There are specialized classes such as pattern and matcher for regular expressions in Java, but for simple cases, the string class provides a more concise operation, and the methods for accepting regular expressions in string are:

Delimited string

Public

Check if matches

 Public Boolean matches (String regex)

String substitution

 Public string Replacefirst (string regex, string replacement)  Public

Summary

In this section, we introduce the String class, introduce its basic usage, internal implementation, code conversion, analyze its immutability, constant string, and hashcode implementation.

In this section, we mention that in the frequent string modification operations, the string class is less efficient, and we mention the StringBuilder and StringBuffer classes. We also see that the string can be manipulated directly using + and + =, and behind them is the StringBuilder class.

Let's take a look at these two classes in the next section.

----------------

To be continued, check out the latest articles, please pay attention to the public number "old Horse Programming" (Scan the QR code below), from the introduction to advanced, in layman's words, Lao Ma and you explore the nature of Java programming and computer technology. Write attentively, original articles, and keep all copyrights.

-----------

Related high Praise original article

Computer Program Thinking Logic (6)-How to recover from garbled characters (top)?

Thinking Logic of computer program (7)-How to recover from garbled characters (bottom)?

Logic of the computer program (8)-the true meaning of char

Thinking Logic of computer program (28)-Profiling wrapper class (bottom)

Thinking Logic of computer programs (29)-parsing string

Contact Us

The content source of this page is from Internet, which doesn't represent Alibaba Cloud's opinion; products and services mentioned on that page don't have any relationship with Alibaba Cloud. If the content of the page makes you feel confusing, please write us an email, we will handle the problem within 5 days after receiving your email.

If you find any instances of plagiarism from the community, please send an email to: info-contact@alibabacloud.com and provide relevant evidence.
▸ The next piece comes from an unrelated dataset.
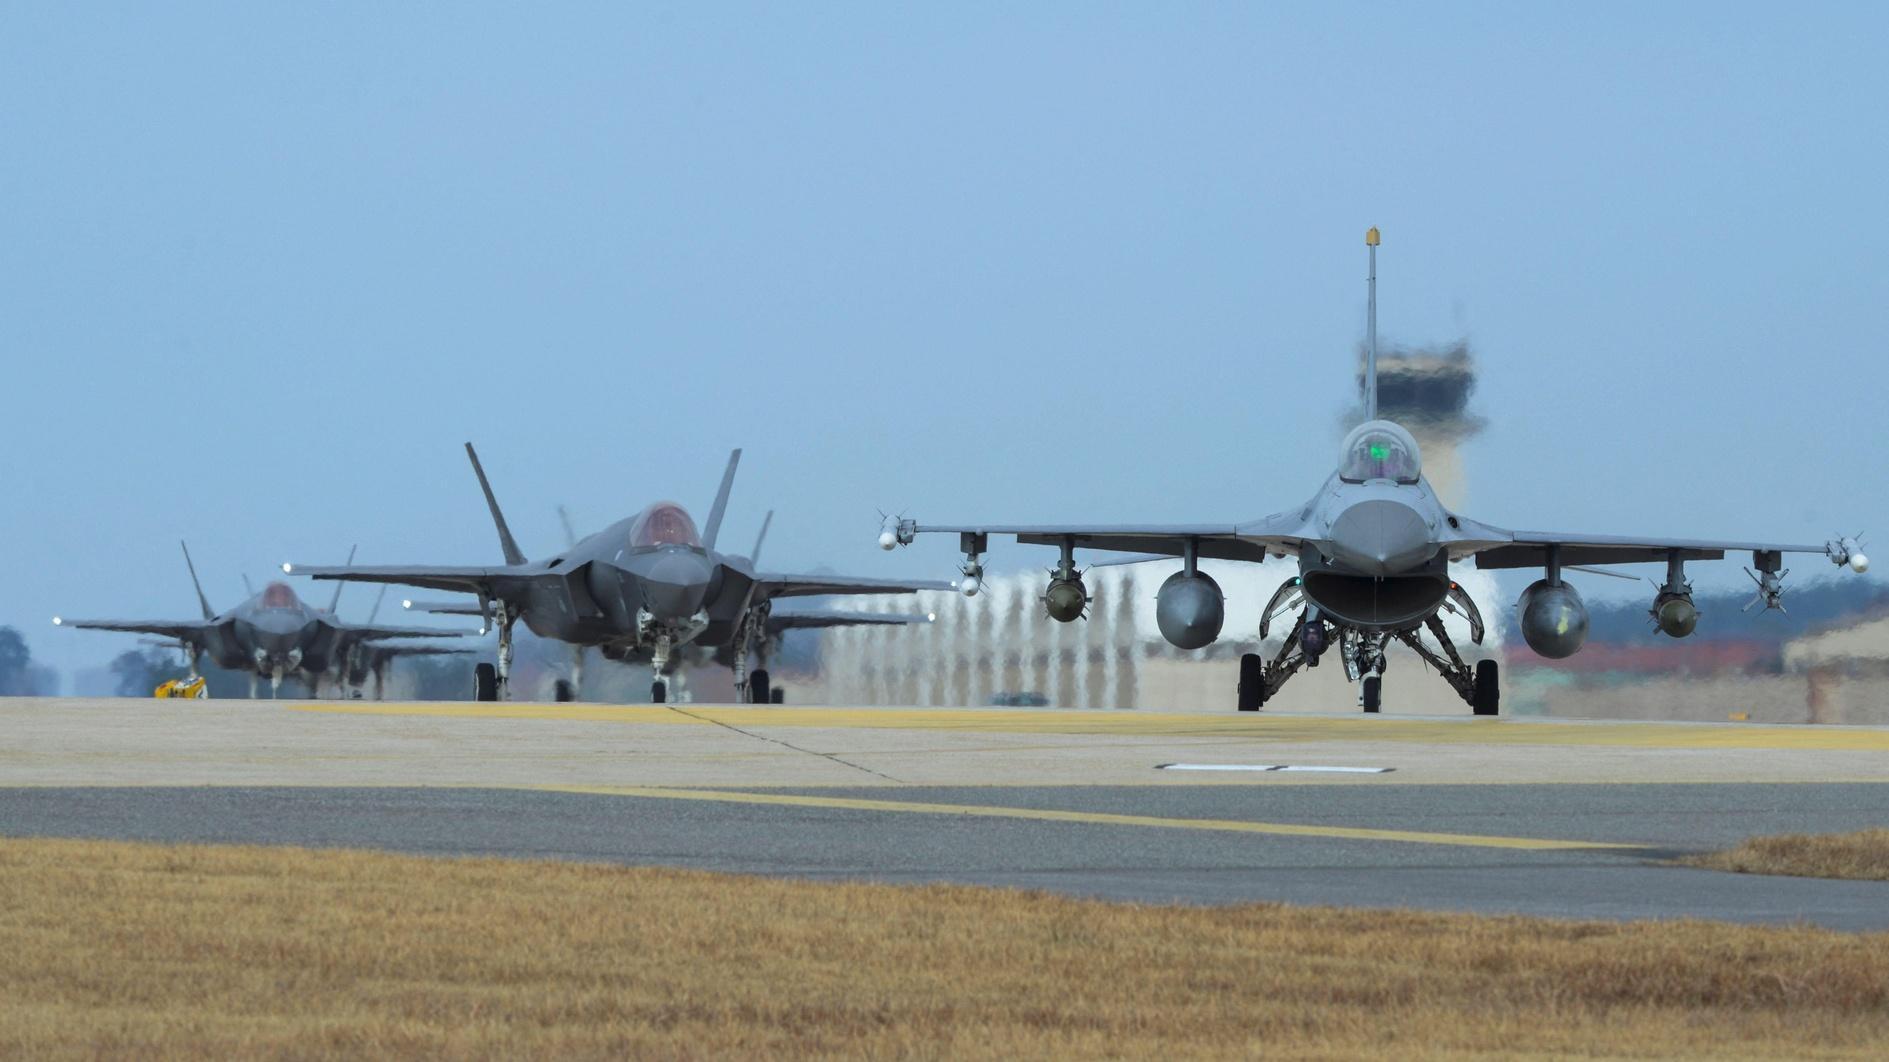 Verkoop van Amerikaanse F-16 aan Türkiye is niet onderworpen aan enige voorwaarden: Bronnen
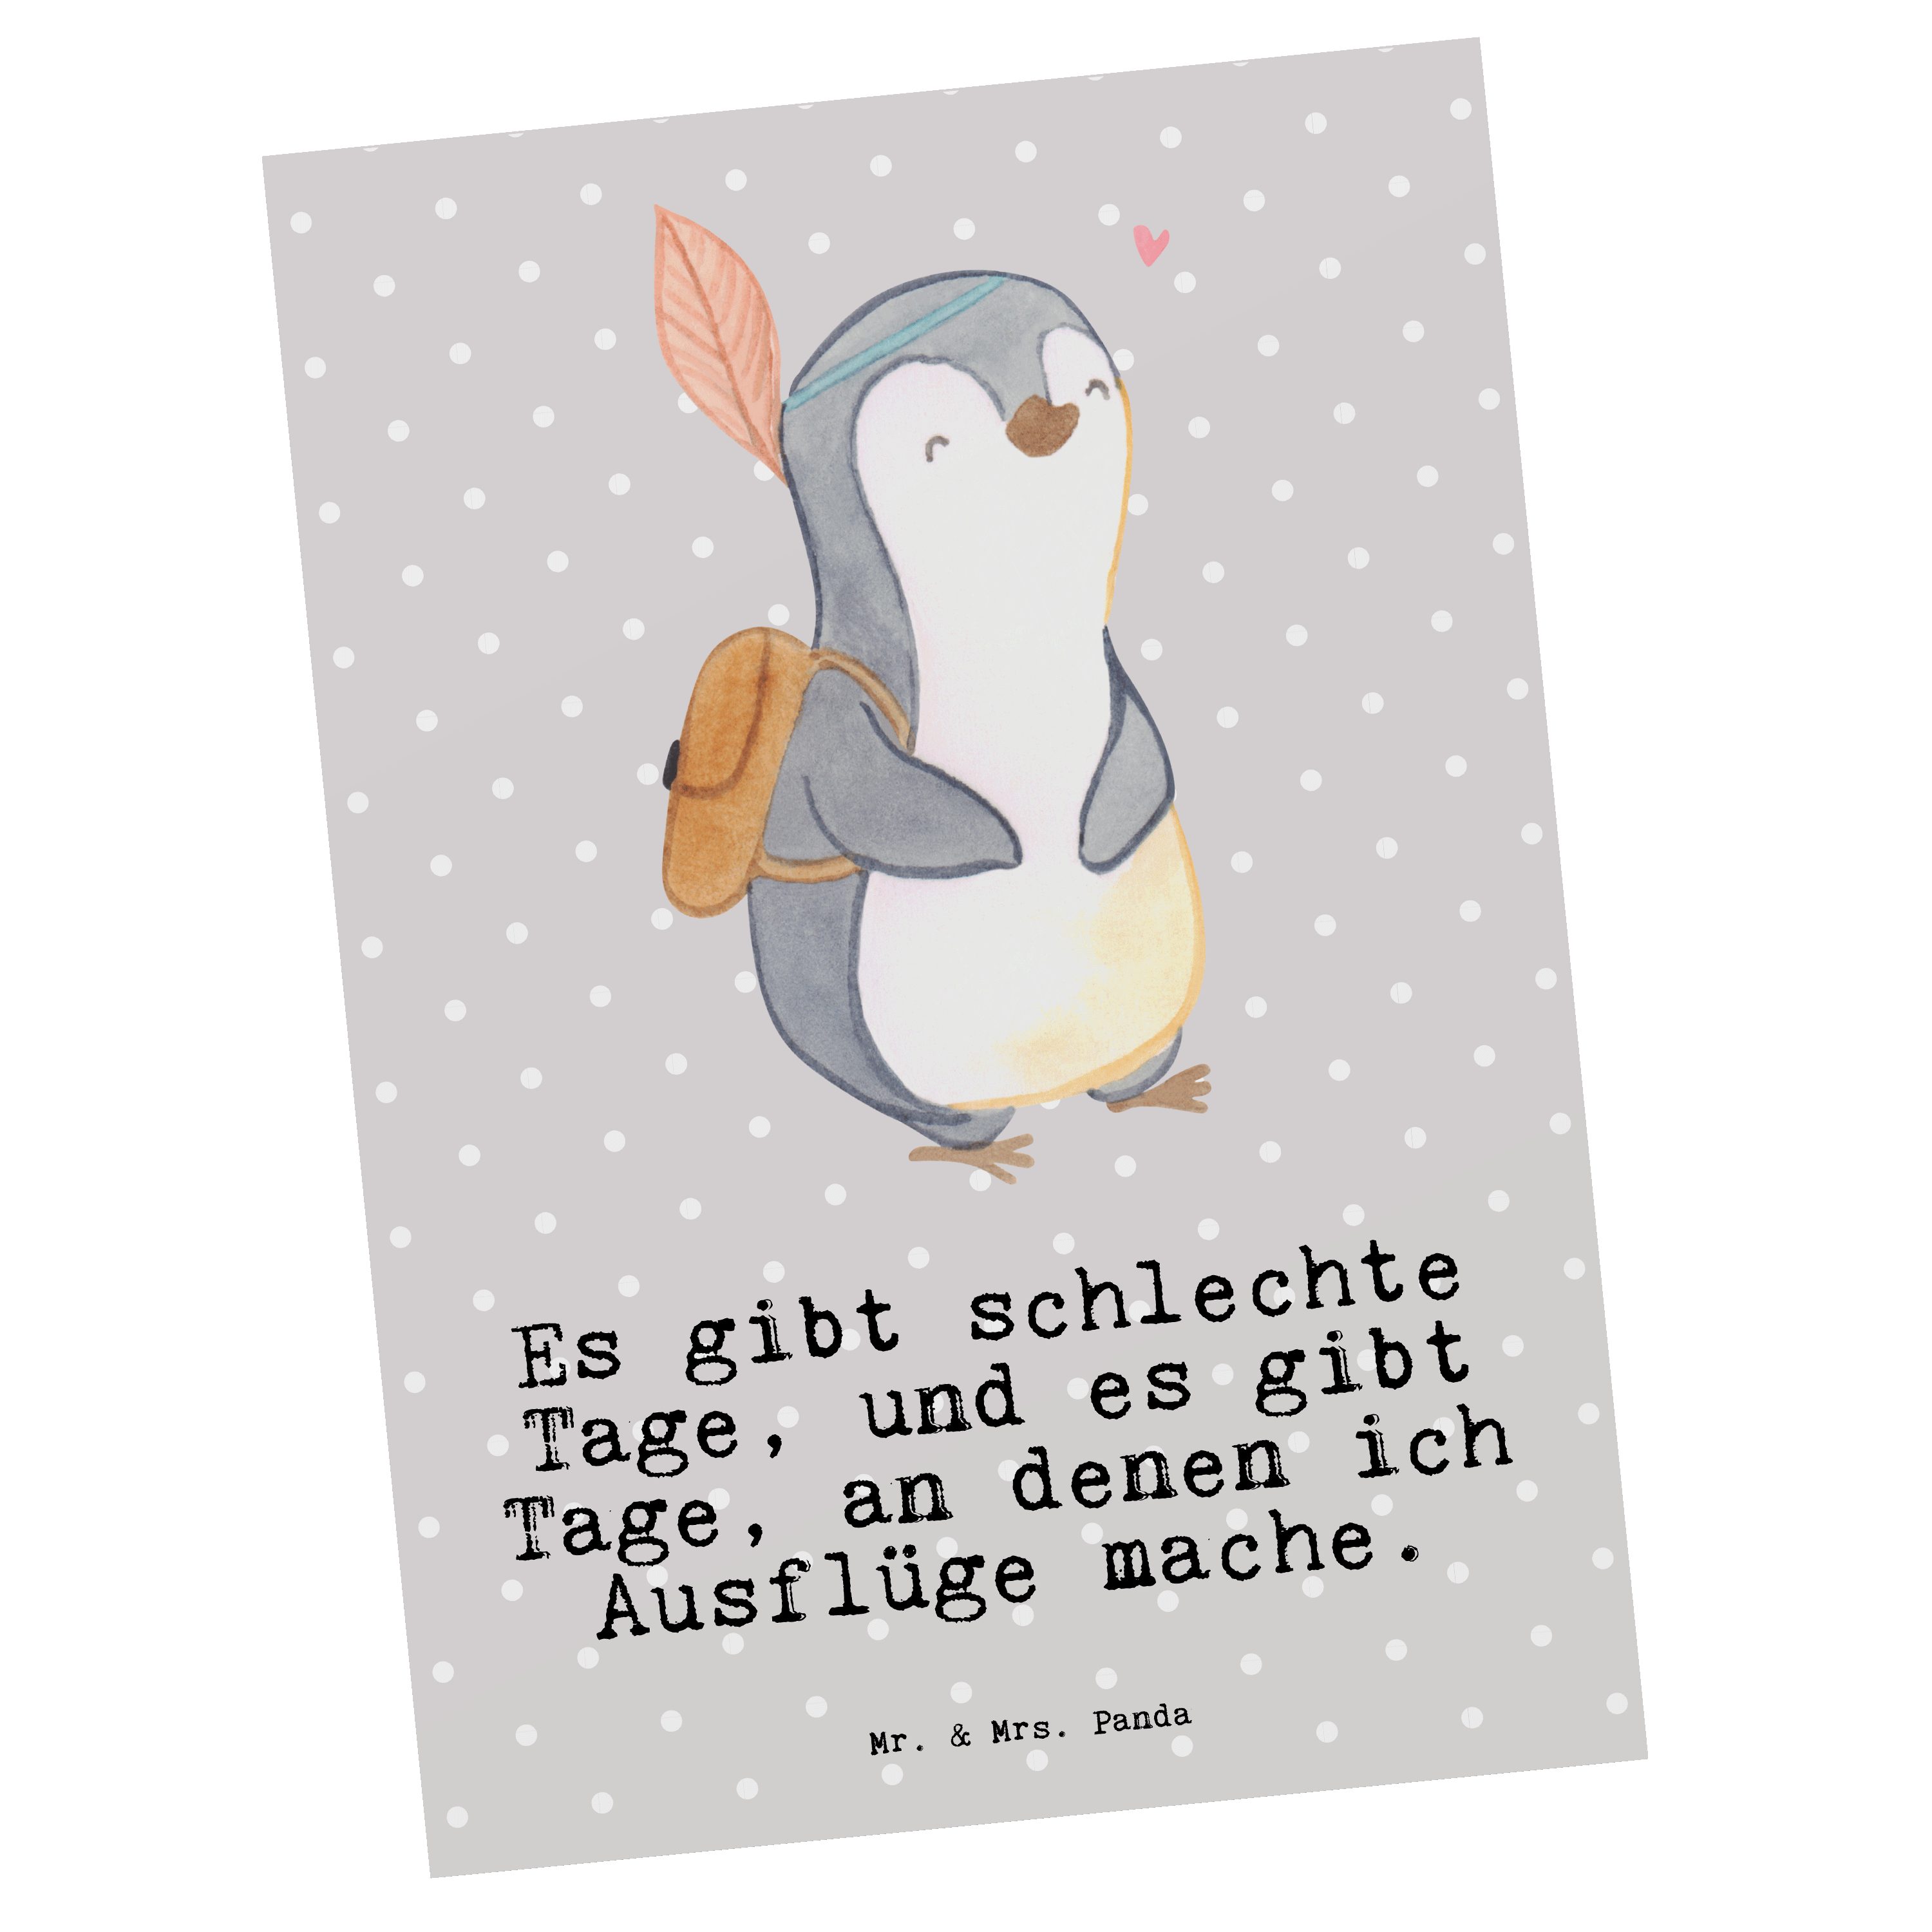 Mr. & Mrs. Panda Postkarte Pinguin Ausflug Tage - Grau Pastell - Geschenk, Einladung, reisen, Sp

A staff member will contact you within 5 working days.

A Free Trial That Lets You Build Big!

Start building with 50+ products and up to 12 months usage for Elastic Compute Service

  • Sales Support

    1 on 1 presale consultation

  • After-Sales Support

    24/7 Technical Support 6 Free Tickets per Quarter Faster Response

  • Alibaba Cloud offers highly flexible support services tailored to meet your exact needs.